INPUT DATA:
※ ※ ※
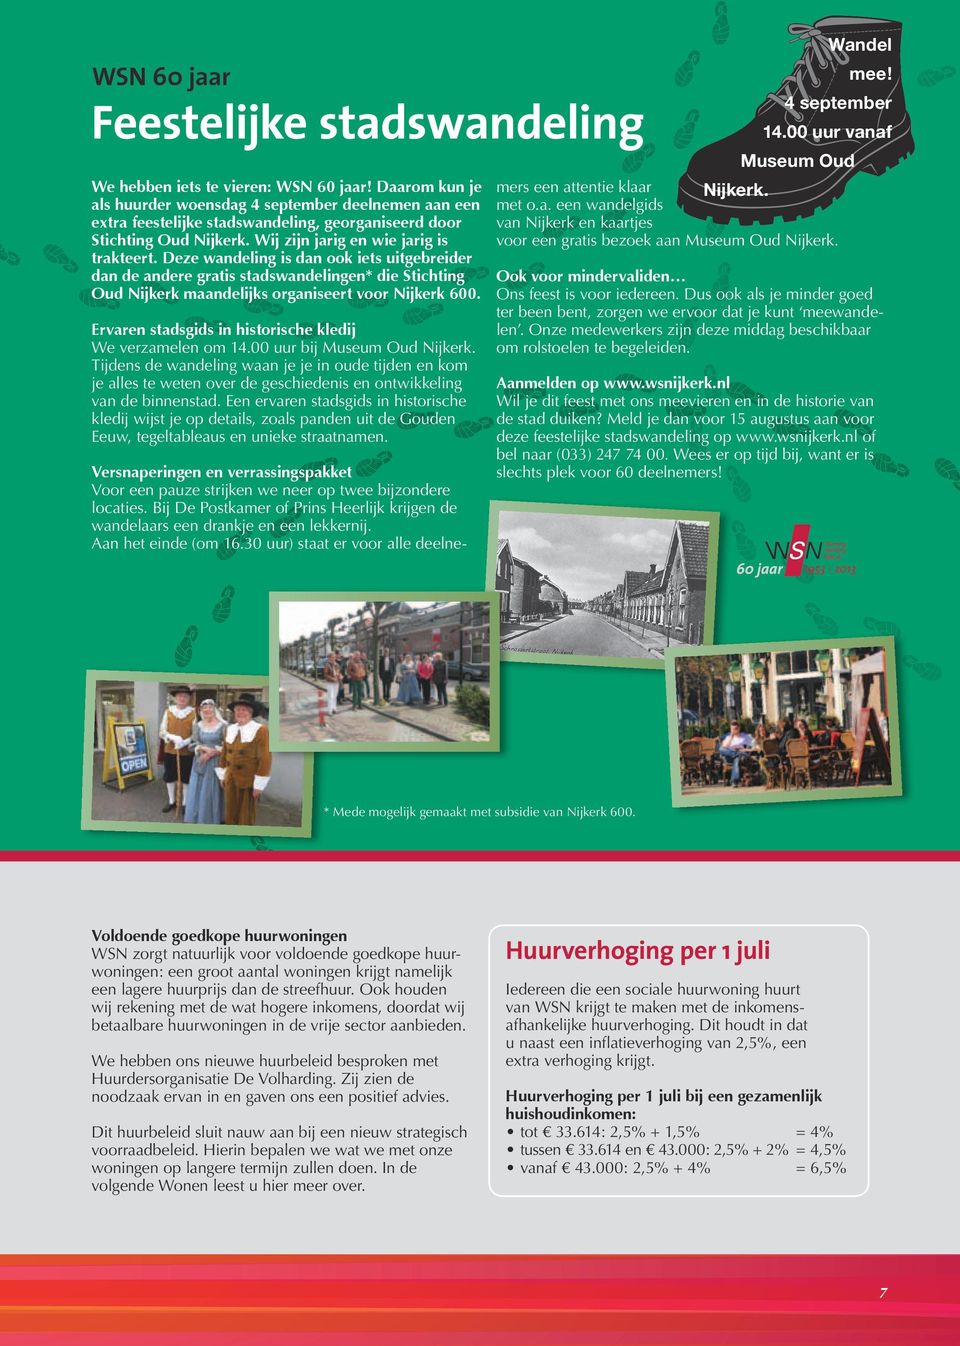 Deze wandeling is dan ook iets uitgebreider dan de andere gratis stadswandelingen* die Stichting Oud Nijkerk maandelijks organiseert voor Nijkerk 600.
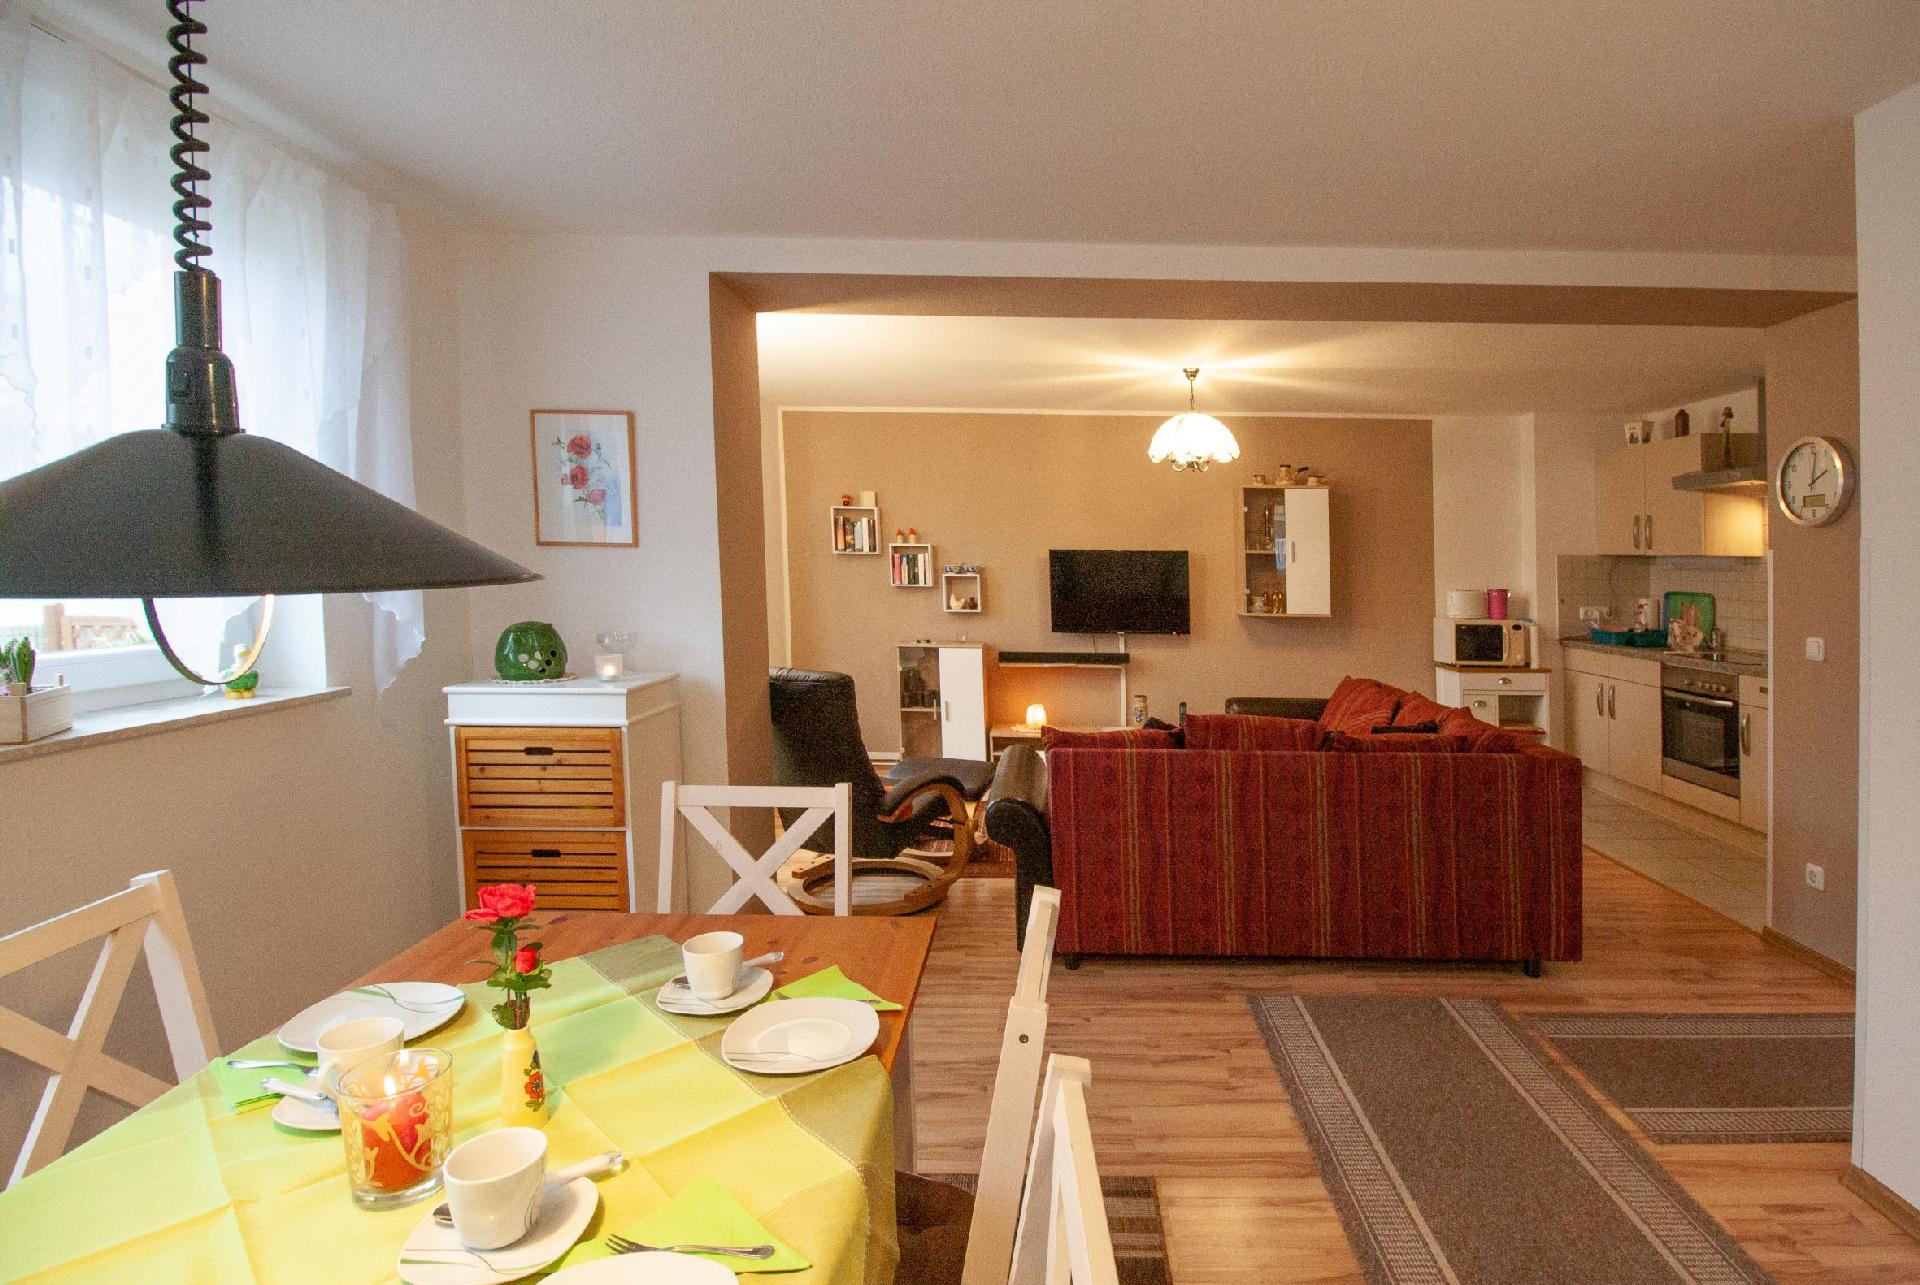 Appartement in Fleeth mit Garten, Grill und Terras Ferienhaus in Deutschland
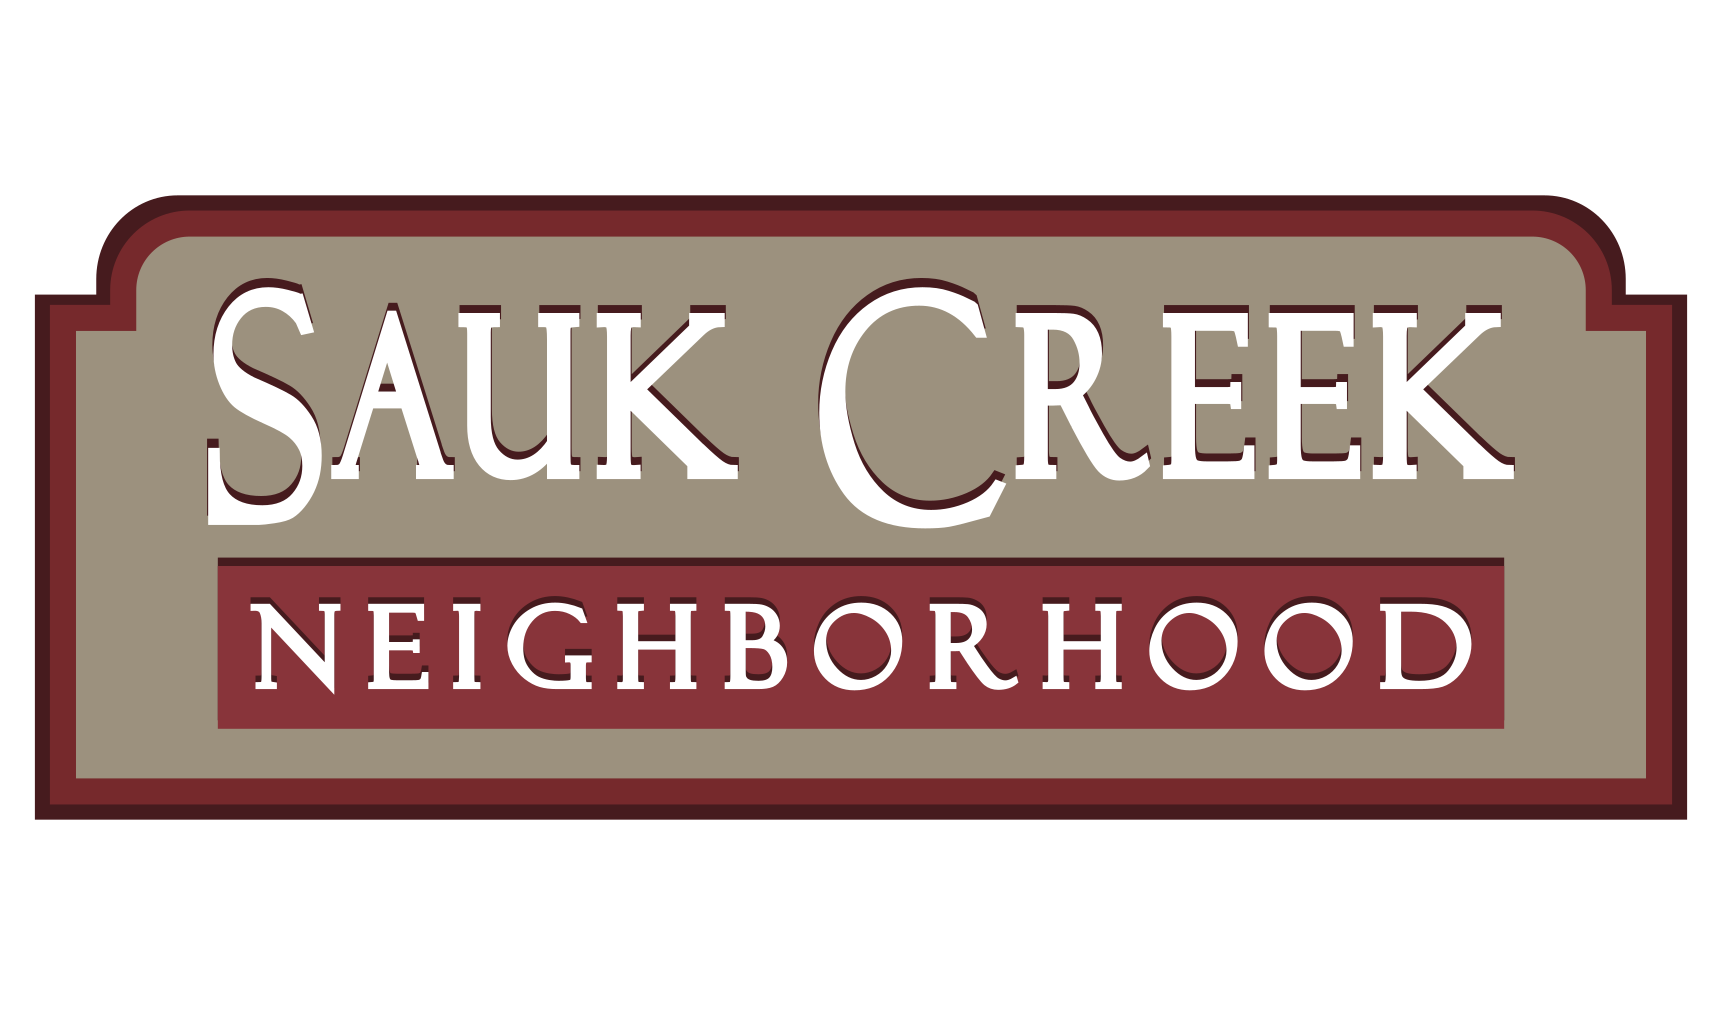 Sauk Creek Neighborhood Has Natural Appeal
※ ※ ※
INSTRUCTIONS FOR THE TASK:
Write out the data word for word, with every picture dropped.

OUTPUT:
 Deze wandeling is dan ook iets uitgebreider dan de andere gratis stadswandelingen* die Stichting Oud Nijkerk maandelijks organiseert voor Nijkerk 600.
 Appartement in Fleeth mit Garten, Grill und Terras Ferienhaus in Deutschland
 Sauk Creek Neighborhood Has Natural Appeal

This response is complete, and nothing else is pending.